Caso Higino Carneiro coloca Tribunal Constitucional sob o olhar atento de juristas e da sociedade

Holofotes estão de olhos no TC no caso Higino Carneiro. Pré-candidato recorreu à mais alta instância do Poder Judiciário do País para impugnar decisão da subcomissão de candidaturas que anulou a sua corrida à liderança do MPLA.

No ar, pairam dúvidas sobre decisões do TC. Fazedores do Direito relembram acórdão alegadamente “pouco confortável” do tribunal sobre providência cautelar em sede do último Congresso Extraordinário daquele partido. Esteves Hilário, porta-voz do MPLA, tranquiliza que o partido vai respeitar qualquer posição que for tomada pelo órgão de justiça.

Quarta-feira, 05, foi o prazo para a Subcomissão de Candidaturas do MPLA para o Congresso Ordinário de Dezembro próximo remeter o contraditório solicitado pelo Tribunal Constitucional em sede da providência cautelar apresentada pelo pré-candidato Higino Carneiro.

Até ao fecho desta edição, o NJ não conseguiu apurar se o MPLA respondeu, em tempo útil, aos legais oito dias dados pelo tribunal. Interrogado, Esteves Hilário, secretário para a Informação e Propaganda do Bureau Político do partido no poder, não entrou em detalhes sobre o assunto, limitando-se a dizer que “o MPLA nunca deixou de cumprir uma decisão judicial, naturalmente, não será desta vez. Estamos a agir com serenidade nos estritos termos da lei e com a mesma serenidade aguardaremos e cumpriremos a decisão que vier do Tribunal Constitucional”, garante.

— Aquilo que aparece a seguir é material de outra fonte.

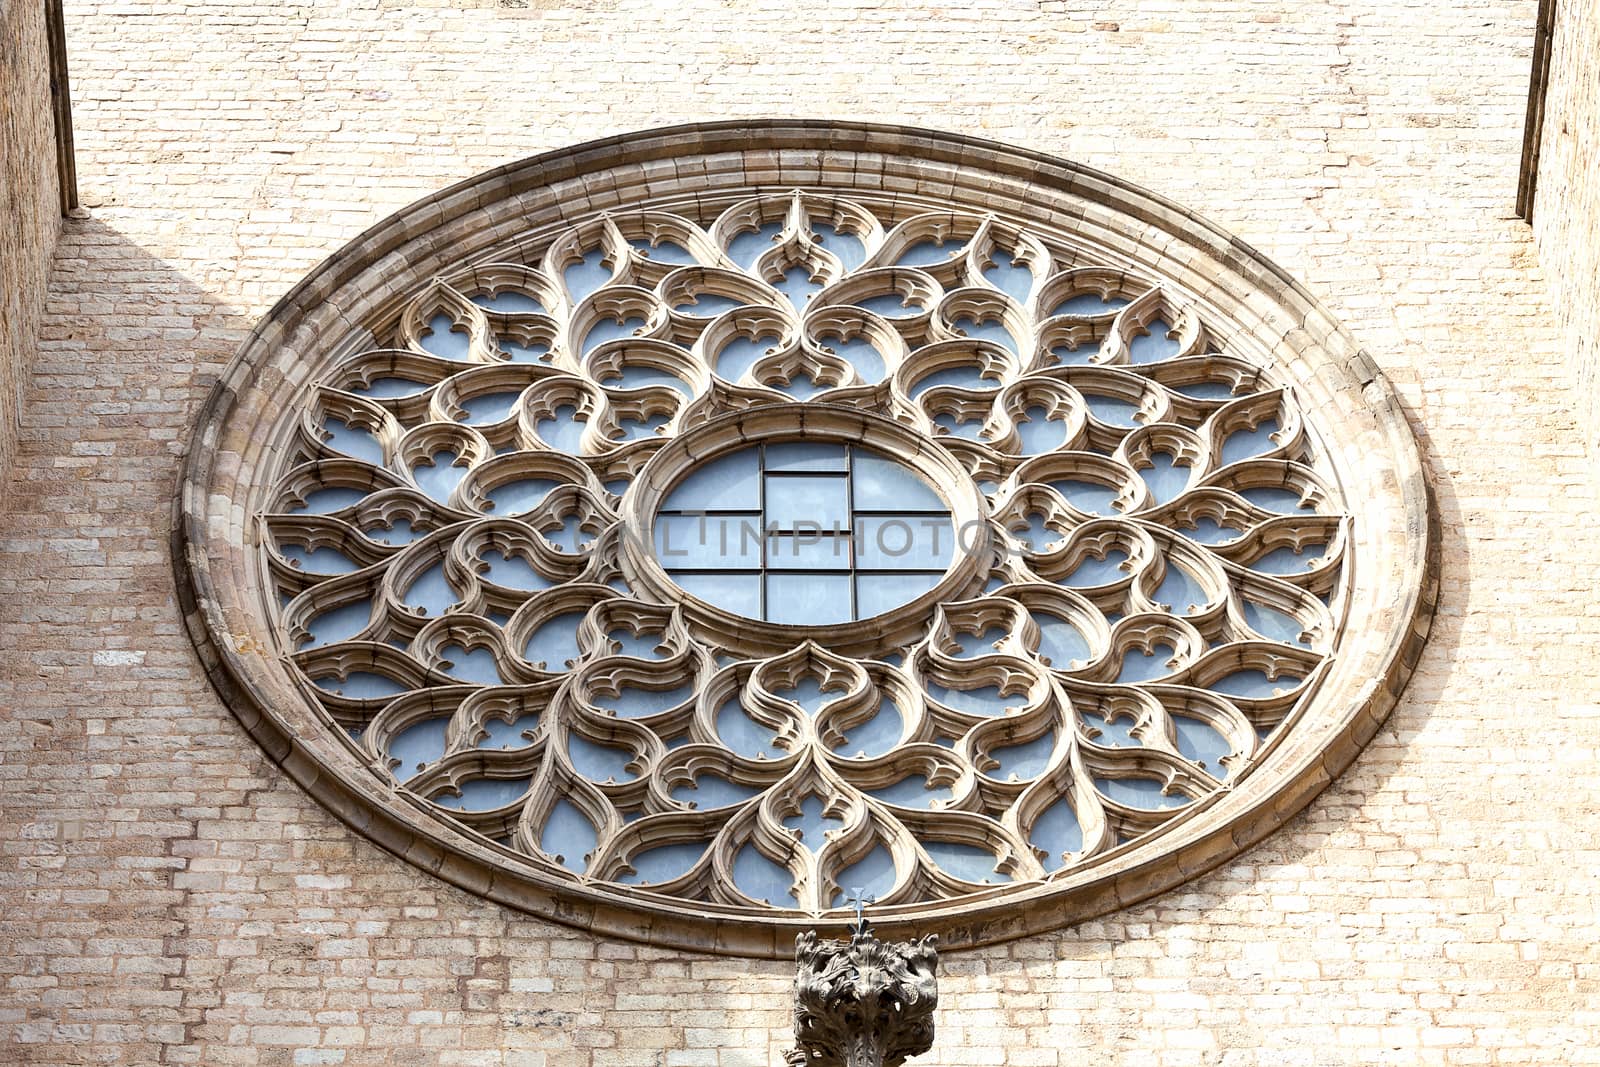 Rose window on facade of church Santa Maria del Mar, Barcelona, Spain by mychadre77
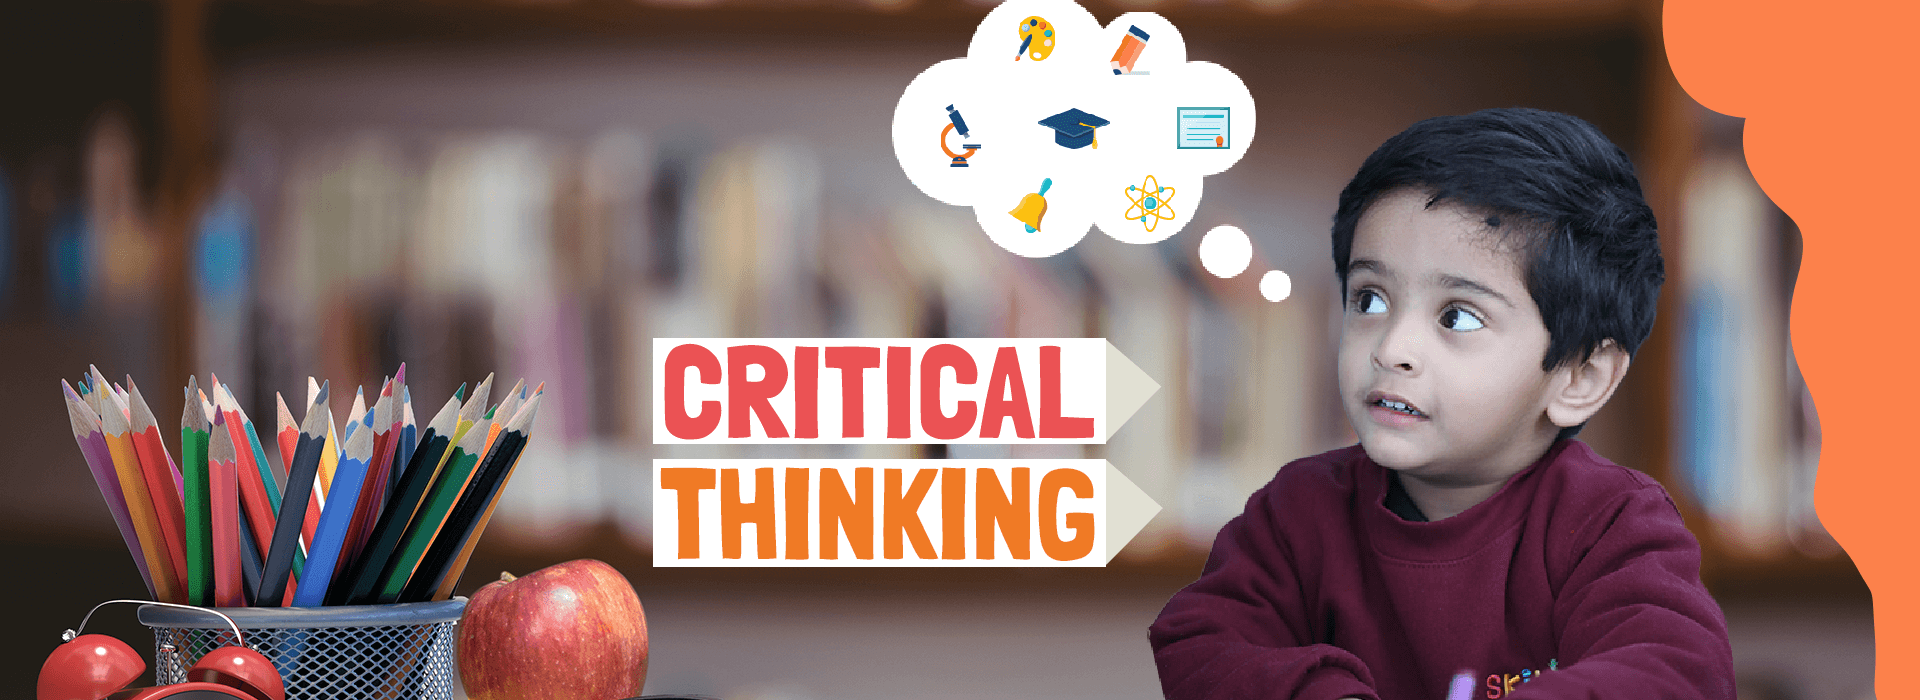 Critical Thinking - Skilled

Higino Carneiro é acusado de graves irregularidades no processo entregue a 25 de Junho, com destaque para as assinaturas de supostos militantes não inscritos nos comités de acção do partido, cartões descontinuados com datas de emissão recentes, listas assinadas por uma única pessoa em nome de várias e bilhetes de identidade falsos.

Ao debater o assunto, o jurista Rui Verde considera que o TC é um tribunal político, sujeito de nomeações políticas.

Por esta razão, explica, embora aplique normas jurídicas, a verdade é que as suas decisões traduzem de forma mais acentuada as visões políticas dos seus juízes do que nos casos dos tribunais comuns. “Não haja dúvidas de que as suas decisões têm forte componente subjectiva e política”, enfatiza.

Esta posição foi contrariada pelo jurista Frederico Batalha, que defende a necessidade haver sempre a generosidade necessária de dar voto de não suspeita às instituições do Estado.

No caso concreto do TC, argumenta, não obstante o “pecado original” da constituição dos seus integrantes estar atrelado aos interesses e veleidades de quem detém o poder, o tribunal já demonstrou ter posições deliberativas nalguns casos abespinhantes ao poder.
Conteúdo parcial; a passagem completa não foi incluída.